Mix In a large bowl, mix together 1 ½ lbs lean ground beef (or beef/pork blend), 1 cup diced onion (chopped small), ¾ cup bread crumbs (or panko), ⅓ cup milk (or broth/water), 2 eggs, 1 tsp tomato paste, 1 tsp garlic powder, 1 tsp onion powder, ½ tsp salt, and ¼ tsp ground black pepper. Combine everything really well.
👉 Do not use ketchup or vinegar in this step (it's for the topping added later)

Shape The Meatloaf

Option 1: Shape the meatloaf into a loaf with your hands and place it directly on the lined baking sheet.
Option 2 (my favorite hack): Pack the mixture into a greased loaf pan, then flip it upside down onto the baking sheet and lift off the pan.
👉 Why do it this way? It gives you a perfect loaf shape and crispier edges-no soggy bottom like traditional pan-baked meatloaf.

STEP 3: Bake + Mix Sauce

Bake uncovered for 40 minutes.

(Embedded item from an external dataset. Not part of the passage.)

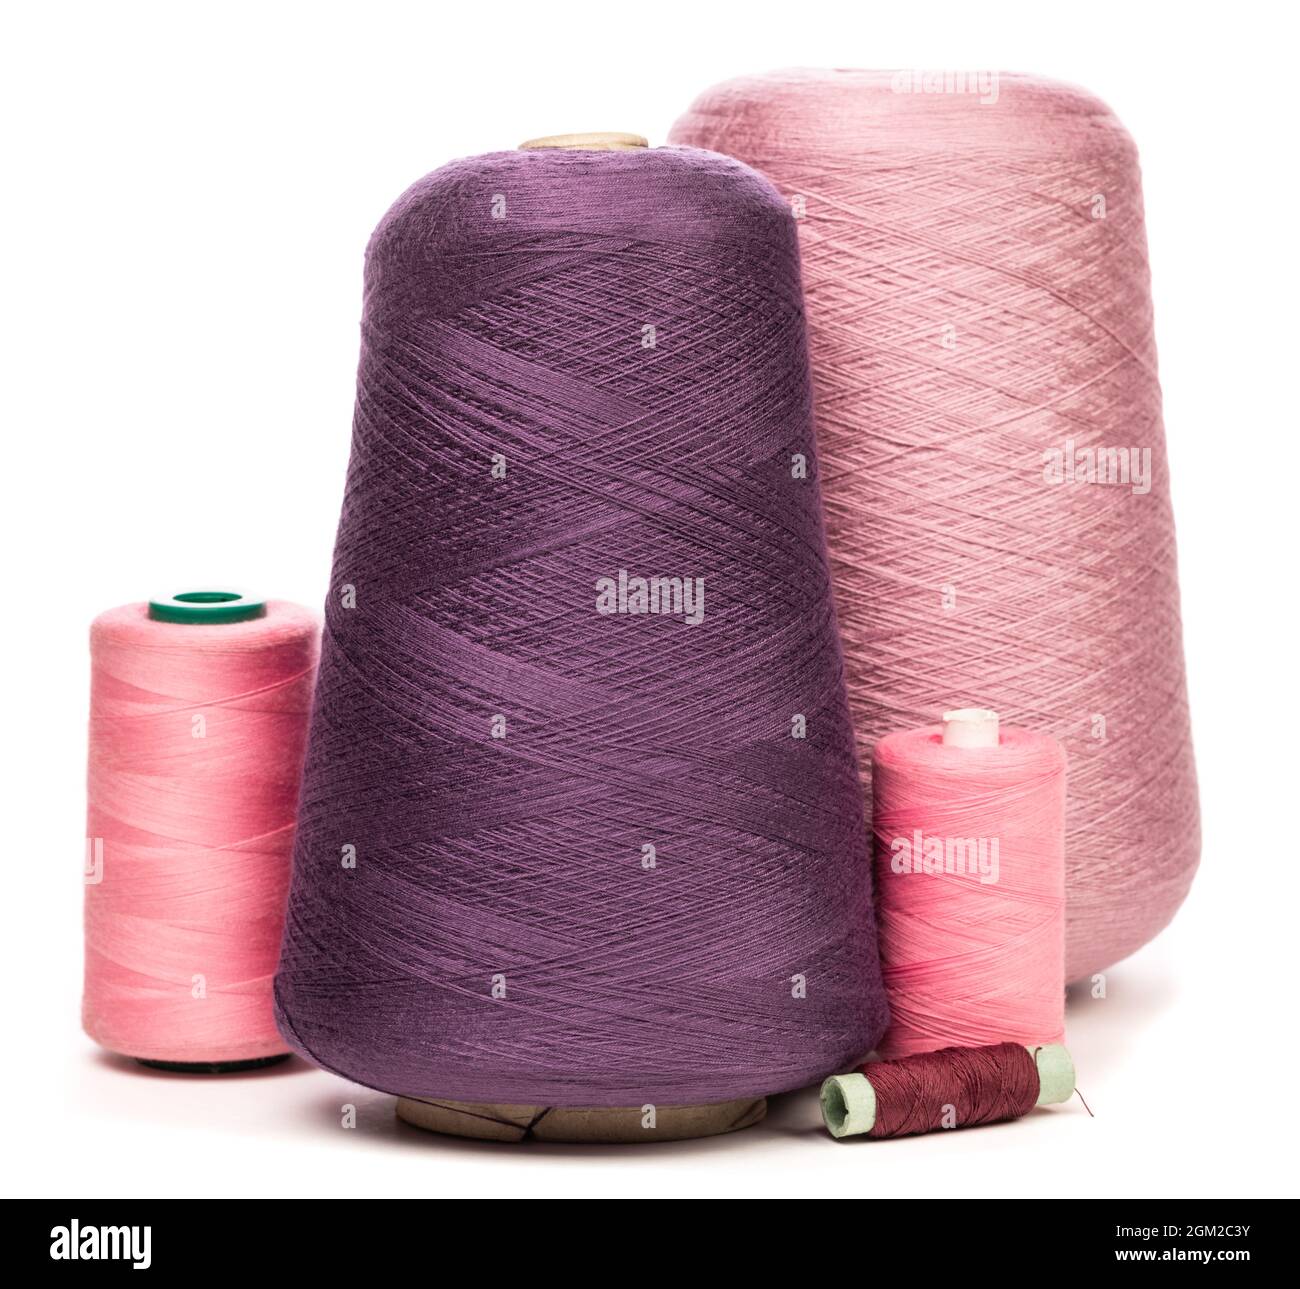 Gruppo di coni e rocchetti di fili rosa viola e viola sintetici o di cotone su sfondo bianco utilizzati per la tessitura nella produzione tessile Foto Stock
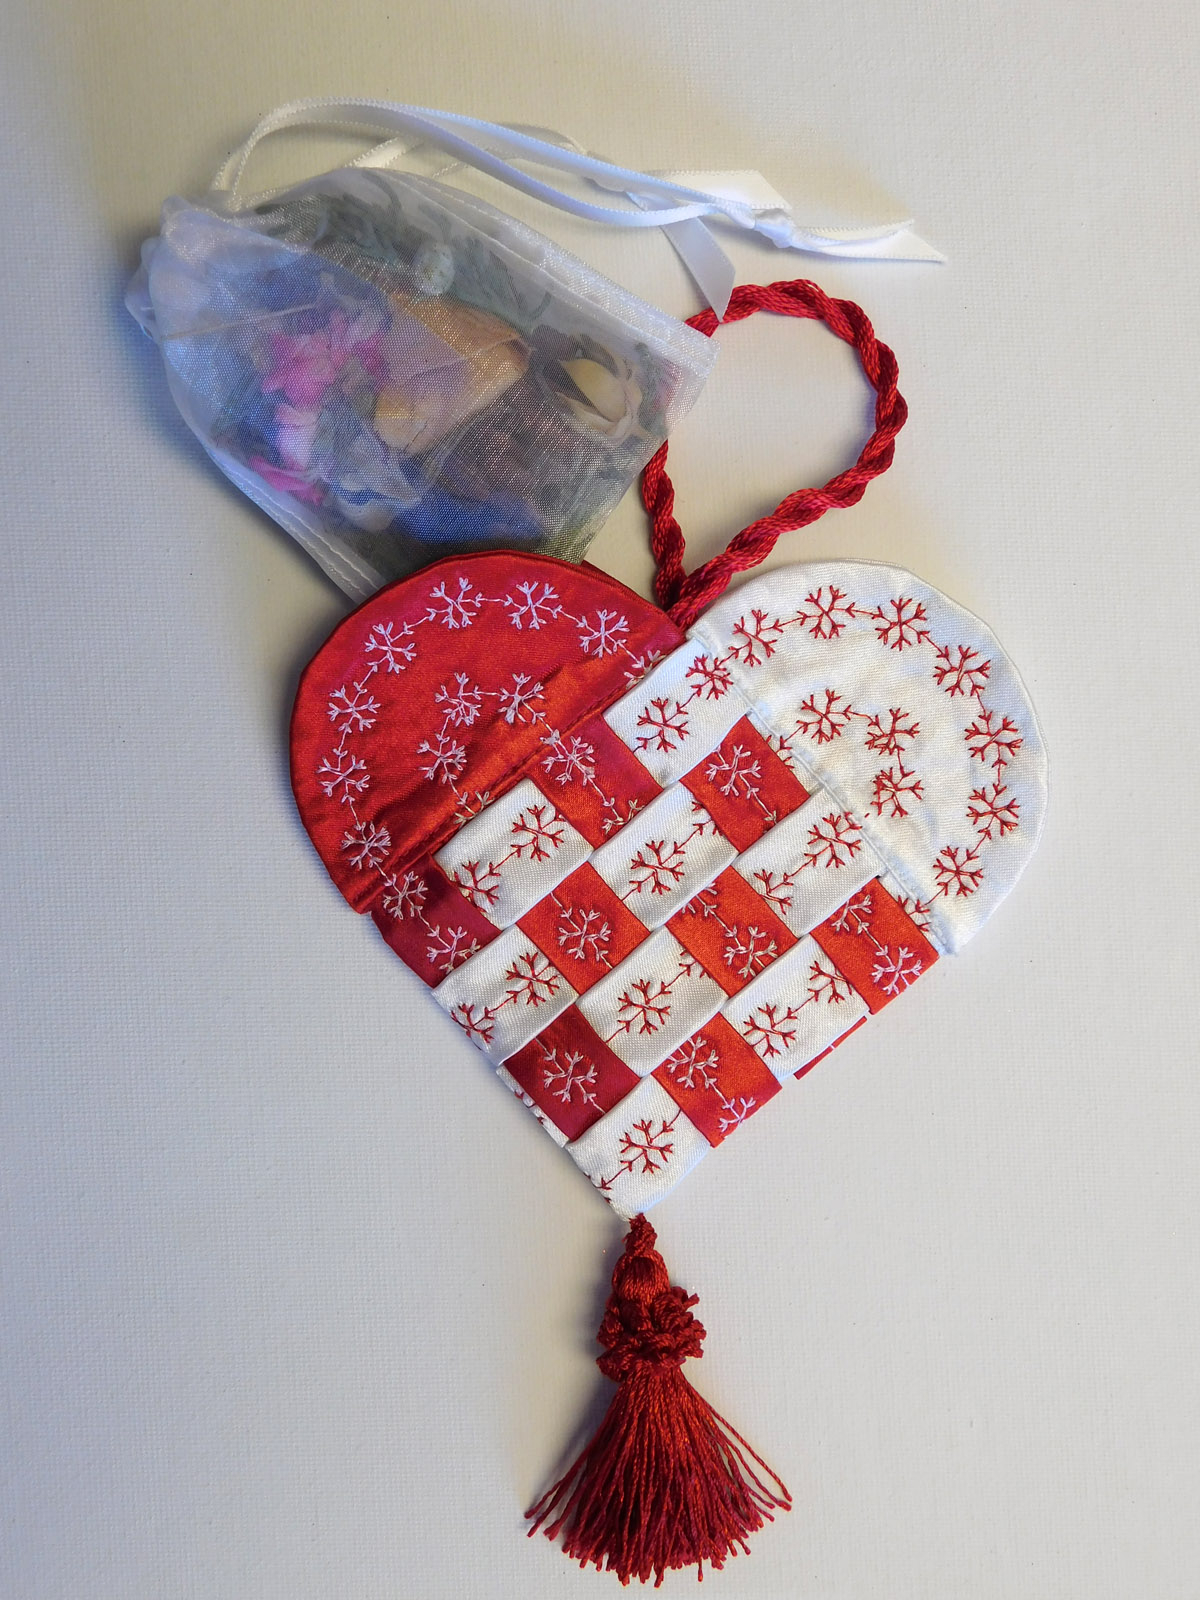 Scandinavian Embroidery Patterns Free How To Make A Fabric Scandinavian Heart Weallsew

While it's cooking, mix together the sauce topping: ¾ cup ketchup and 1 Tbsp white vinegar.

STEP 4: Spread The Sauce

Remove the meatloaf from the oven and spread the sauce mixture over the top and sides. Place back in the oven to bake for another 10 minutes, or until fully cooked inside.

STEP 5: Let Rest

Let the meatloaf rest for 10 minutes before slicing to allow the juices to distribute evenly. Serve and enjoy!